Exercise:
Pictures within the data are to be left out; everything else must be reproduced exactly.

Given material:
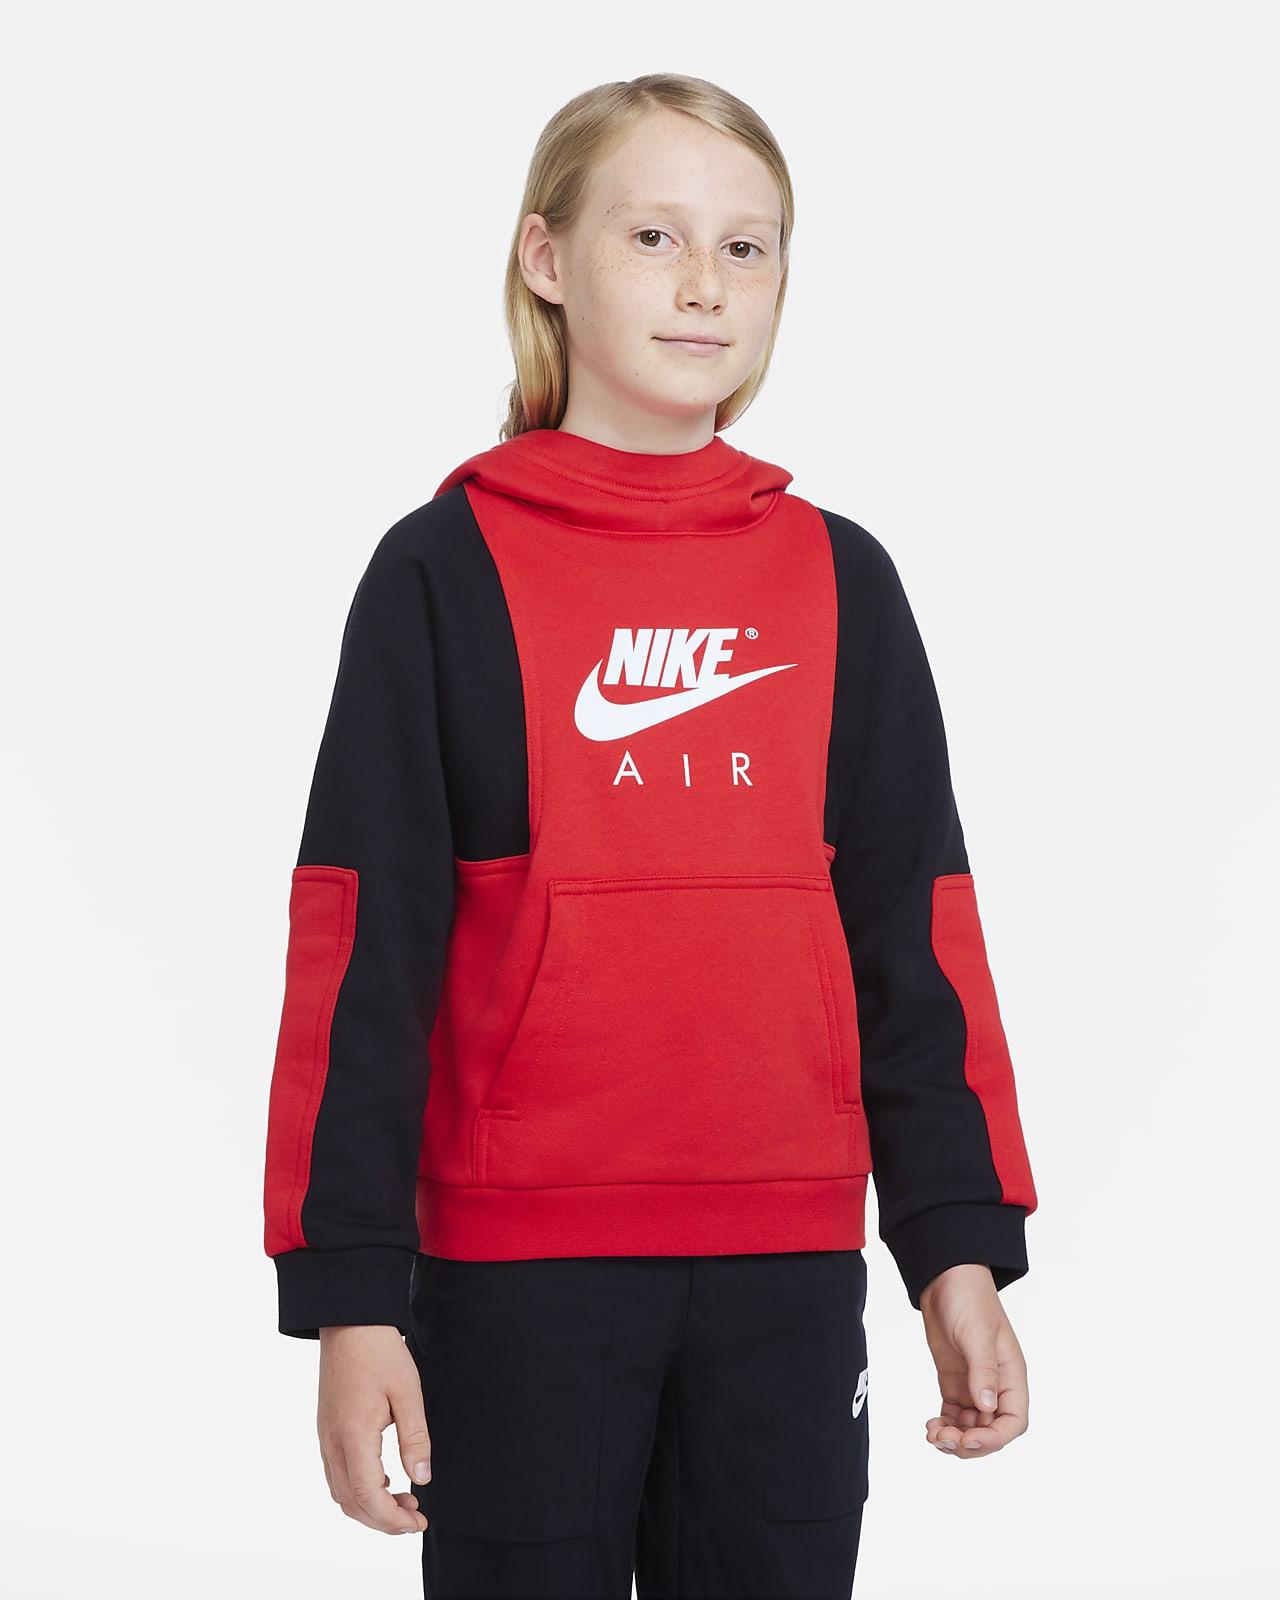 Nike Air Genç Çocuk (Erkek) Kapüşonlu Sweatshirt'ü
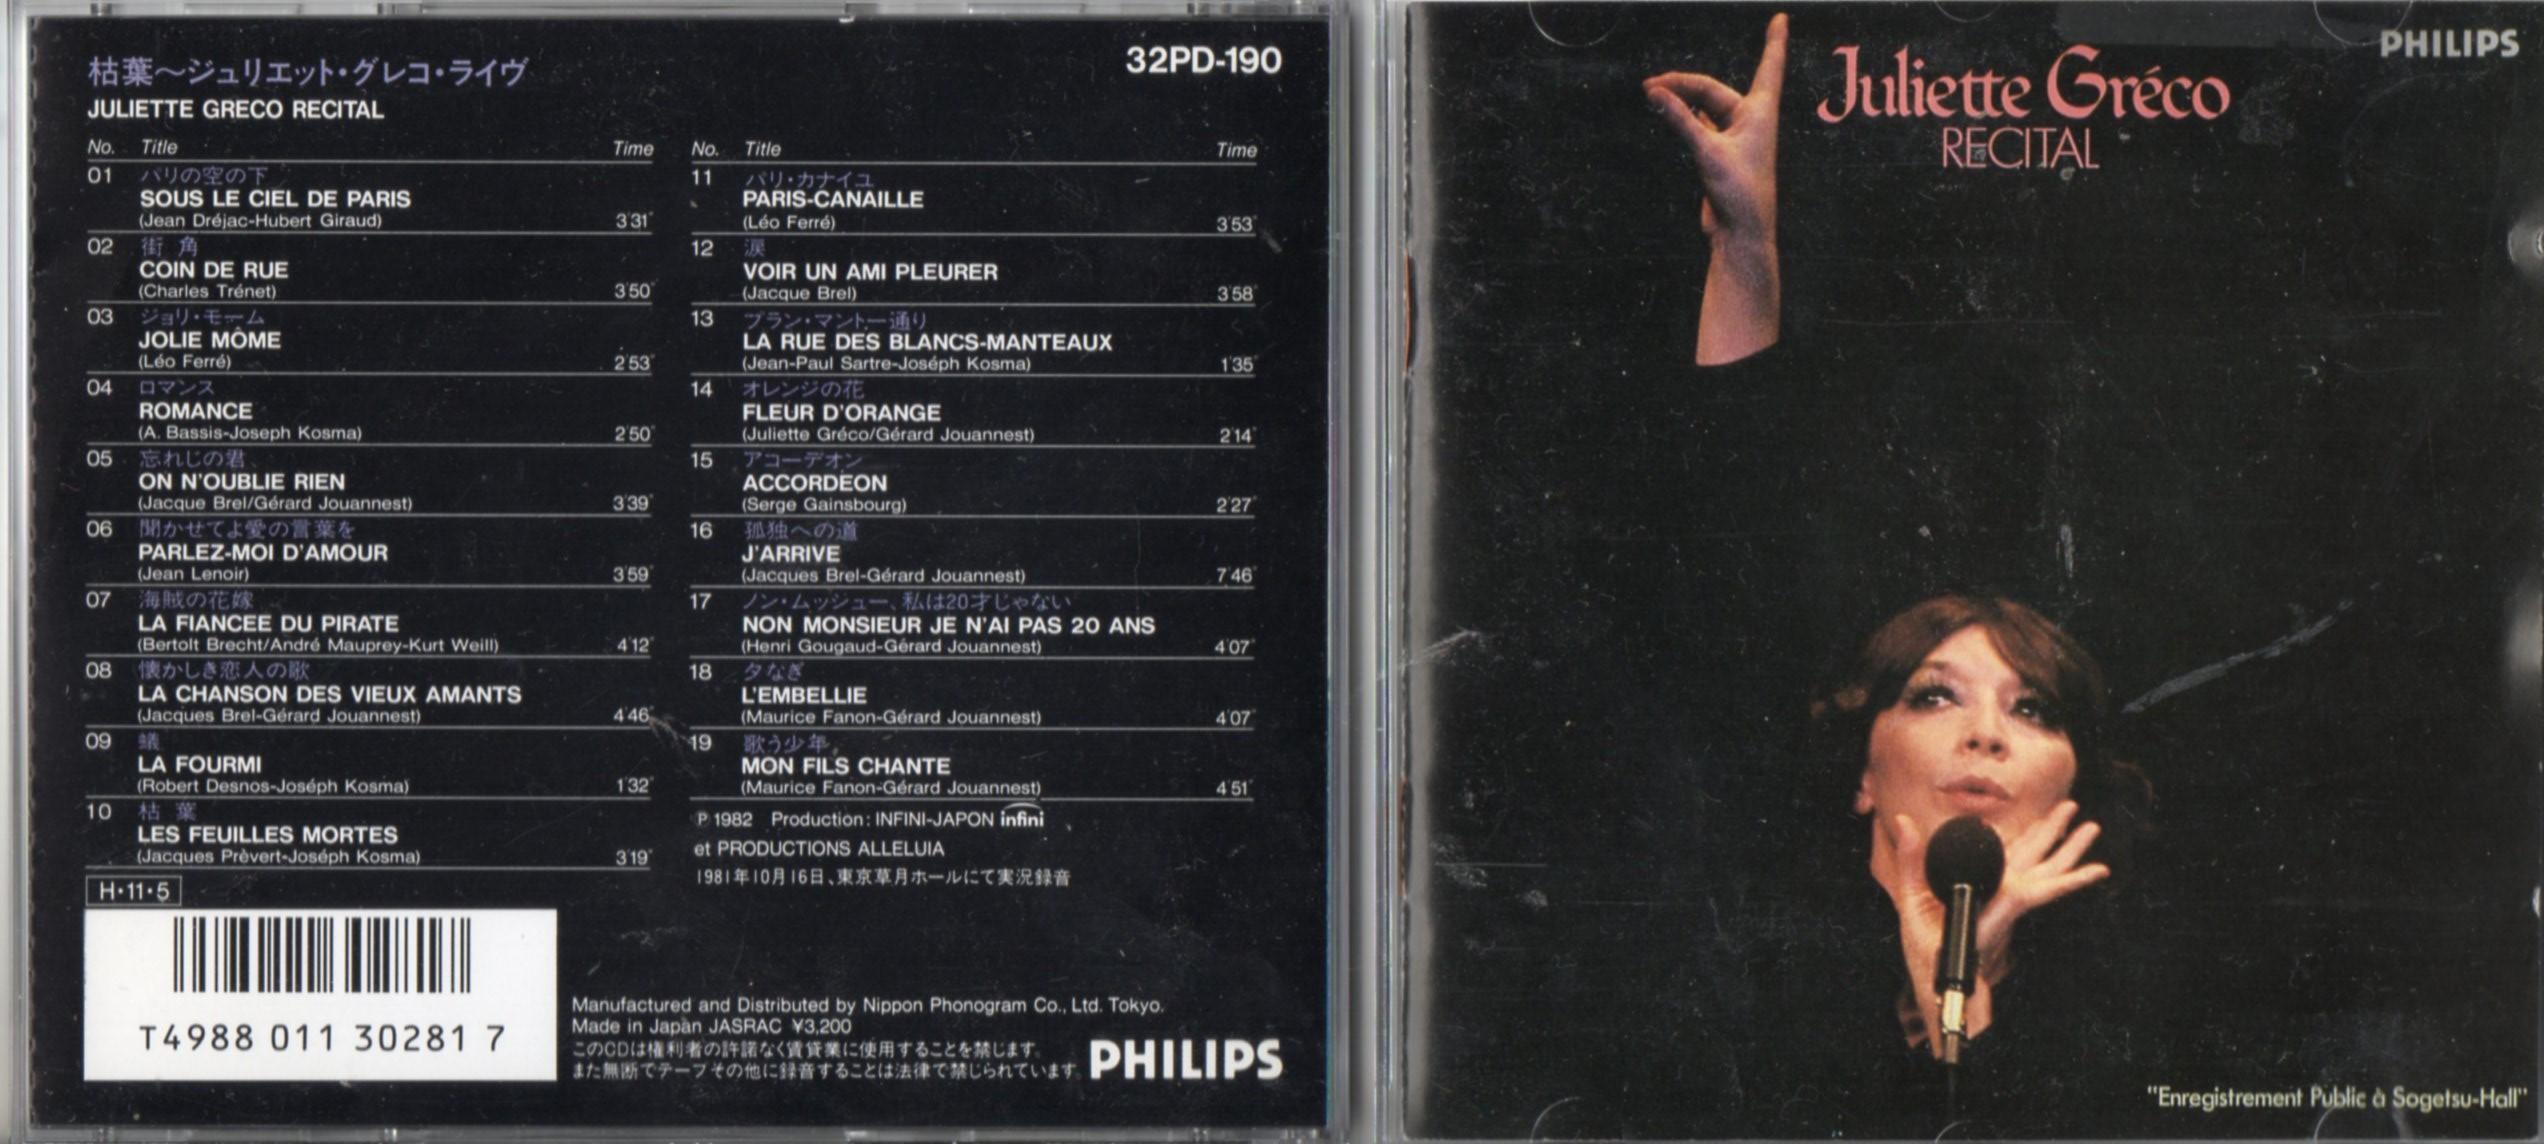 JULIETTE GRÉCO - Jolie Mome 1959 - 1963 - CD
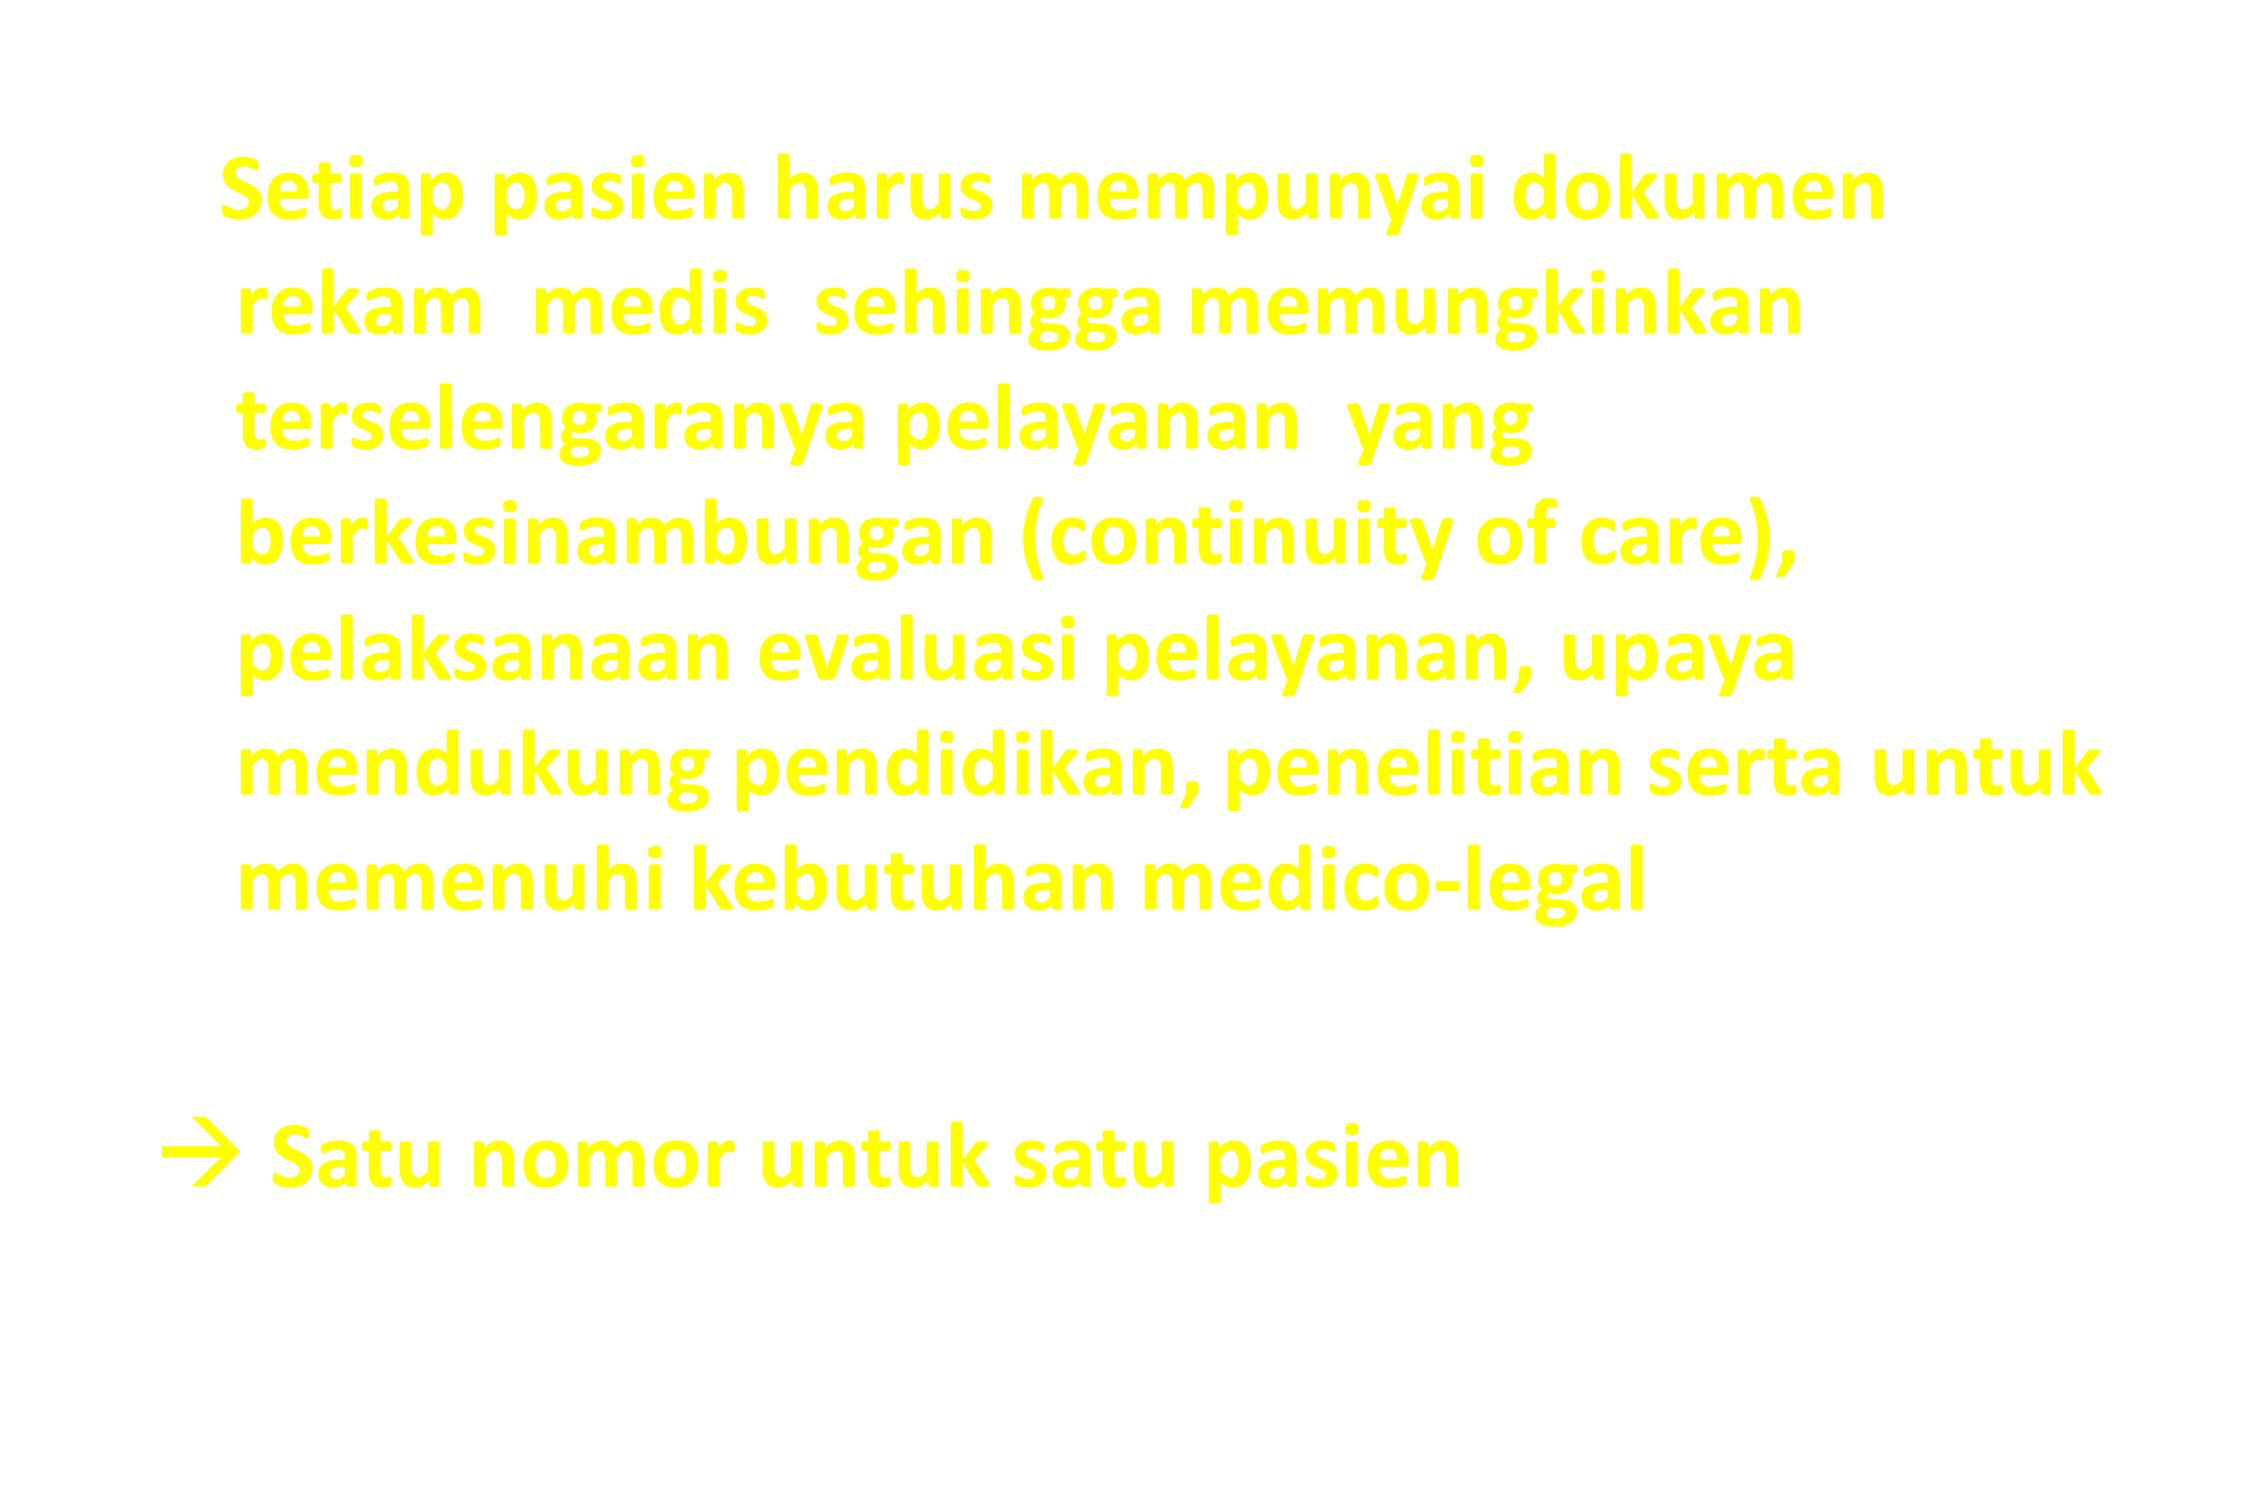 Setiap pasien harus mempunyai dokumen rekam medis sehingga memungkinkan terselengaranya pelayanan yang berkesinambungan (continuity of care), pelaksanaan evaluasi pelayanan, upaya mendukung pendidikan, penelitian serta untuk memenuhi kebutuhan medico-legal  Satu nomor untuk satu pasien

Your response:
 Nike Air Genç Çocuk (Erkek) Kapüşonlu Sweatshirt'ü
 JULIETTE GRÉCO - Jolie Mome 1959 - 1963 - CD
 Setiap pasien harus mempunyai dokumen rekam medis sehingga memungkinkan terselengaranya pelayanan yang berkesinambungan (continuity of care), pelaksanaan evaluasi pelayanan, upaya mendukung pendidikan, penelitian serta untuk memenuhi kebutuhan medico-legal  Satu nomor untuk satu pasien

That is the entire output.